**WHAT THE TASK REQUIRES**
From the entries that follow, reproduce exactly and only the lines from the line with "原创简约新中式墨绿色客厅沙发抱枕靠垫样板房间靠垫汽车会所靠包-淘宝网" to the line with "Naast de glasblazerij", endpoints included.

(Stored entries)
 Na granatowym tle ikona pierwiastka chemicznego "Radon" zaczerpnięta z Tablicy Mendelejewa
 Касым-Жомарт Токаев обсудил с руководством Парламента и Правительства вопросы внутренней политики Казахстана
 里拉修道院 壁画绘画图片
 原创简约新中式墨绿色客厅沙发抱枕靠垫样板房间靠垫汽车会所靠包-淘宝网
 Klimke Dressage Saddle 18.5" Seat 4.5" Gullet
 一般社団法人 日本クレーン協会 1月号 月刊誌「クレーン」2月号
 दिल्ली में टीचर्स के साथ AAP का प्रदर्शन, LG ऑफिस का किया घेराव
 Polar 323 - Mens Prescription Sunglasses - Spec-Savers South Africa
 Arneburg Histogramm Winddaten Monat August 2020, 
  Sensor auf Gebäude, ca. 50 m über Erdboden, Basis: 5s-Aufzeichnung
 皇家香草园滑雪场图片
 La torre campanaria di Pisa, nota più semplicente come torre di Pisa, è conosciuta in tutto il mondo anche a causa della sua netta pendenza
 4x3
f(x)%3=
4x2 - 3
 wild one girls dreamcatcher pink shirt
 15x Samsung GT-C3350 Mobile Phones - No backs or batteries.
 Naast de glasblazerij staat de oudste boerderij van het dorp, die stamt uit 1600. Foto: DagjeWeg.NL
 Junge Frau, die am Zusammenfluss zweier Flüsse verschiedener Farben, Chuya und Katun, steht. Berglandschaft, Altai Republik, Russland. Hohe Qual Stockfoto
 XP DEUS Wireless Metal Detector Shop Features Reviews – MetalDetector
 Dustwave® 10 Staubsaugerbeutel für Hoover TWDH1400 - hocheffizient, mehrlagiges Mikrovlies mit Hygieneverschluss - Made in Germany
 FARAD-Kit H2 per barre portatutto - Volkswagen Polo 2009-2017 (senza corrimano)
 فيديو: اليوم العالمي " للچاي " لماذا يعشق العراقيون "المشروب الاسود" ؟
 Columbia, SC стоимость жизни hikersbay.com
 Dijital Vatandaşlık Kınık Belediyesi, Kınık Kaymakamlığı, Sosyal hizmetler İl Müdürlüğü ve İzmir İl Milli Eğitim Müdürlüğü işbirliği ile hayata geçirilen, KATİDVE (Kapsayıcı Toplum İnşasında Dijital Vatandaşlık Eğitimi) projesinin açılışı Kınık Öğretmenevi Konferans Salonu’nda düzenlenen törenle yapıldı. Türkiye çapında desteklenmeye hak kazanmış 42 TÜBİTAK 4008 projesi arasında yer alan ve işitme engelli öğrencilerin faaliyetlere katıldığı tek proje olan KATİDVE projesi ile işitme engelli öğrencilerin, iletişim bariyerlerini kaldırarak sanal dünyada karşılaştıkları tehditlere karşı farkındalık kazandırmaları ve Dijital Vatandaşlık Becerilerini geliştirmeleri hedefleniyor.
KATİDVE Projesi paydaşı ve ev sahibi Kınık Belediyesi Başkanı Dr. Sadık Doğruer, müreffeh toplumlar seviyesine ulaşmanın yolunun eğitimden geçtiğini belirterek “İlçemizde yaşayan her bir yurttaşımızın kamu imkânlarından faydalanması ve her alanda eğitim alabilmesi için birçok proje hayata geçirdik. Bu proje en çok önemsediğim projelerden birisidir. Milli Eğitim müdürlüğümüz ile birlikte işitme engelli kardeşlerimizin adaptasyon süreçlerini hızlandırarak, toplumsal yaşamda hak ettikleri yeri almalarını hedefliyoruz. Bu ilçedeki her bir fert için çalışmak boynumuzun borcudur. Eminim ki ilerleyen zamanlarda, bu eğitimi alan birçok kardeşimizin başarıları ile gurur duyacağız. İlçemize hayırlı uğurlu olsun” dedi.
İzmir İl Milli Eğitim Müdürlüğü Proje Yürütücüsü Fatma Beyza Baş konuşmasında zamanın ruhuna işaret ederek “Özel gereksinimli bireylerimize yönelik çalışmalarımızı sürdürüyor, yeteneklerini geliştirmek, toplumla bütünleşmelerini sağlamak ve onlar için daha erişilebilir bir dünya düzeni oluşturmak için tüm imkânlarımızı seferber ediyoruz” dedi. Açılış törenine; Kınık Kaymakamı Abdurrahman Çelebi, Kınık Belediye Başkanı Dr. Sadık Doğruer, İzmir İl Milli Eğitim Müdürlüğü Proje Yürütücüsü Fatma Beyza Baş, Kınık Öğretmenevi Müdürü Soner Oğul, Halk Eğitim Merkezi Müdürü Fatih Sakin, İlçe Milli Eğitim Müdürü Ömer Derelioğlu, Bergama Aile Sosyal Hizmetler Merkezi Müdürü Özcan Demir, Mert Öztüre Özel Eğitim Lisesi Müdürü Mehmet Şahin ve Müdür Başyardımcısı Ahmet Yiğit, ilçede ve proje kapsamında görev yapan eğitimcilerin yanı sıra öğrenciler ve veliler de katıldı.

**FINISHED TASK**
 原创简约新中式墨绿色客厅沙发抱枕靠垫样板房间靠垫汽车会所靠包-淘宝网
 Klimke Dressage Saddle 18.5" Seat 4.5" Gullet
 一般社団法人 日本クレーン協会 1月号 月刊誌「クレーン」2月号
 दिल्ली में टीचर्स के साथ AAP का प्रदर्शन, LG ऑफिस का किया घेराव
 Polar 323 - Mens Prescription Sunglasses - Spec-Savers South Africa
 Arneburg Histogramm Winddaten Monat August 2020, 
  Sensor auf Gebäude, ca. 50 m über Erdboden, Basis: 5s-Aufzeichnung
 皇家香草园滑雪场图片
 La torre campanaria di Pisa, nota più semplicente come torre di Pisa, è conosciuta in tutto il mondo anche a causa della sua netta pendenza
 4x3
f(x)%3=
4x2 - 3
 wild one girls dreamcatcher pink shirt
 15x Samsung GT-C3350 Mobile Phones - No backs or batteries.
 Naast de glasblazerij staat de oudste boerderij van het dorp, die stamt uit 1600. Foto: DagjeWeg.NL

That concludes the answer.